● **AVAILABLE DATA**

-- Opening Marker --

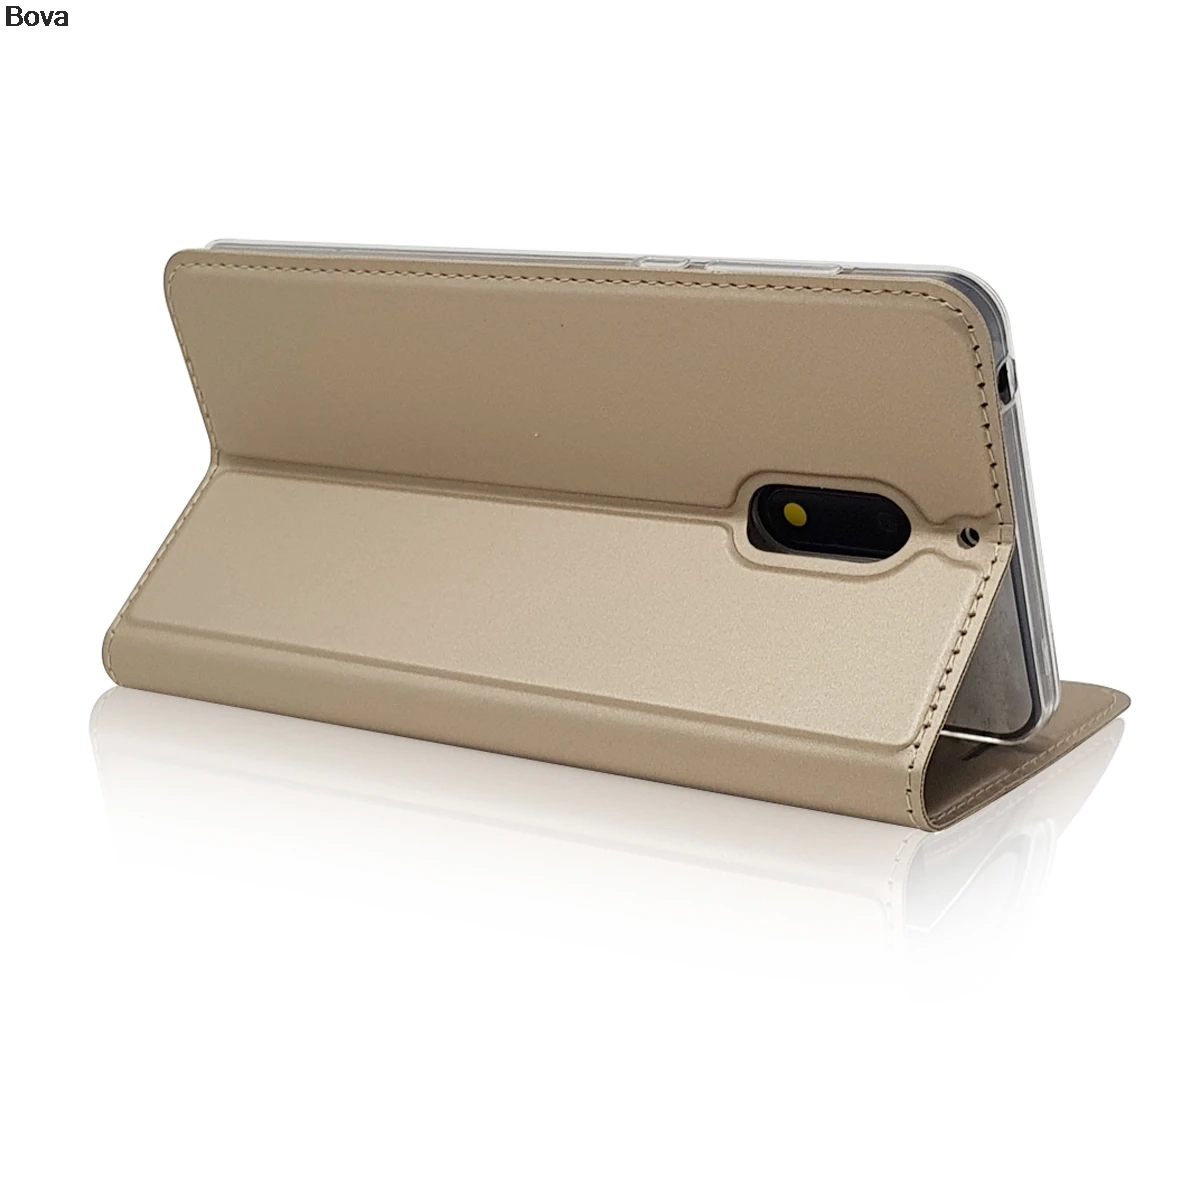 Матовый чехол-кошелек, флип-чехол для Nokia 6 5 3, магнитный адсорбционный чехол для телефона, деловой стиль
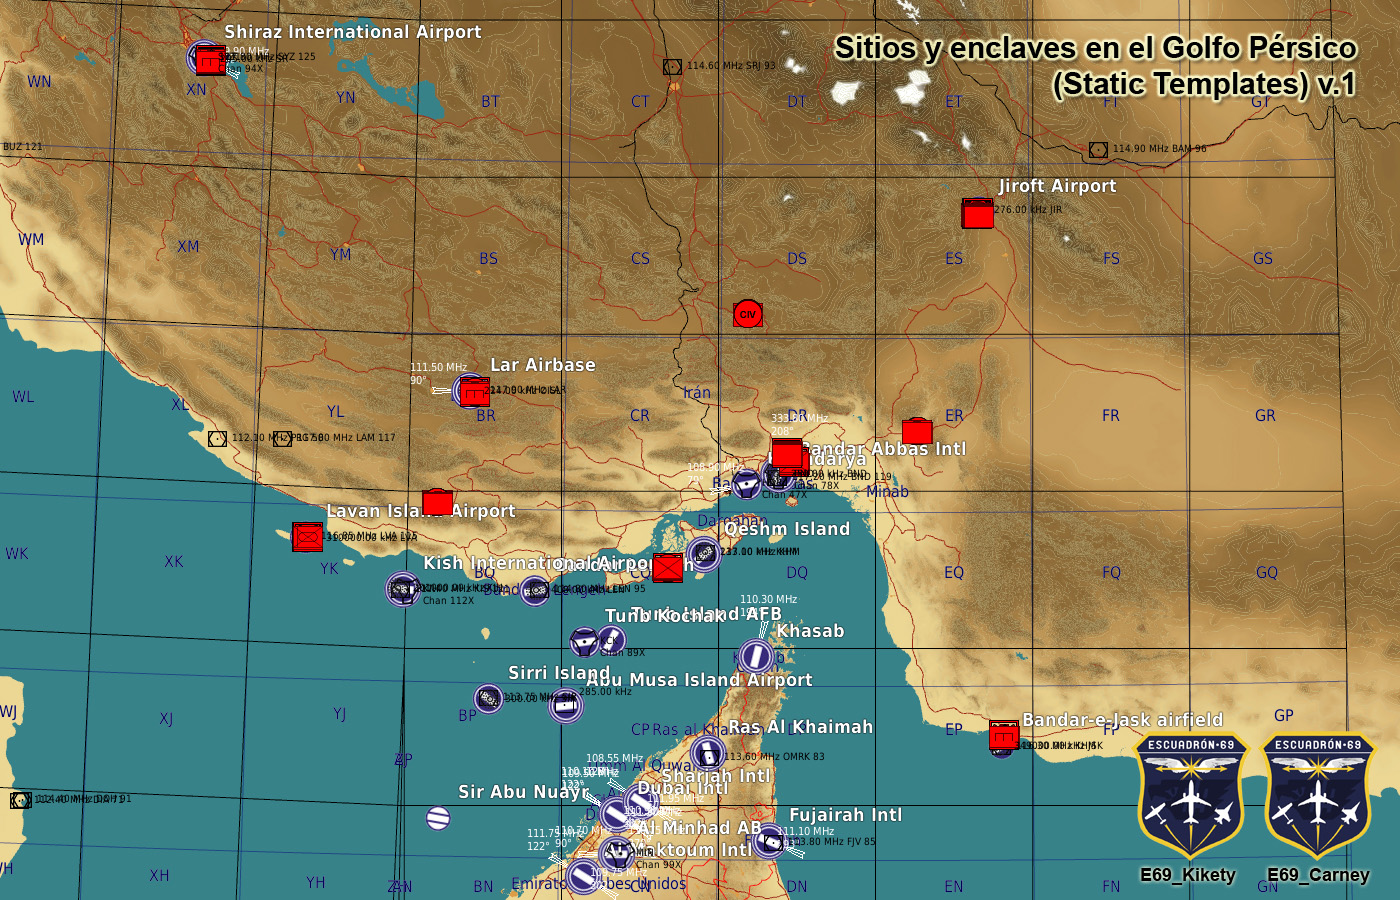 Sitios y enclaves en el Golfo Pérsico (Static Templates) no mods – v.1
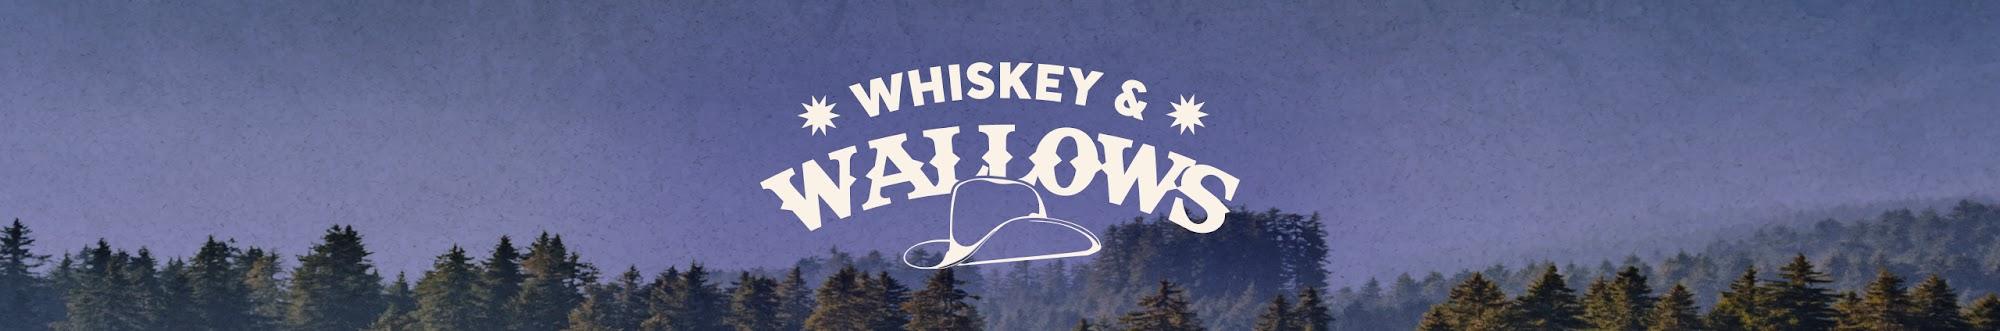 Whiskey & Wallows

-- Closing Marker --

Once the pictures are removed, print all the remaining data exactly as it stands.

● **SOLUTION TO THE EXERCISE**
 Матовый чехол-кошелек, флип-чехол для Nokia 6 5 3, магнитный адсорбционный чехол для телефона, деловой стиль
 Sitios y enclaves en el Golfo Pérsico (Static Templates) no mods – v.1
 Whiskey & Wallows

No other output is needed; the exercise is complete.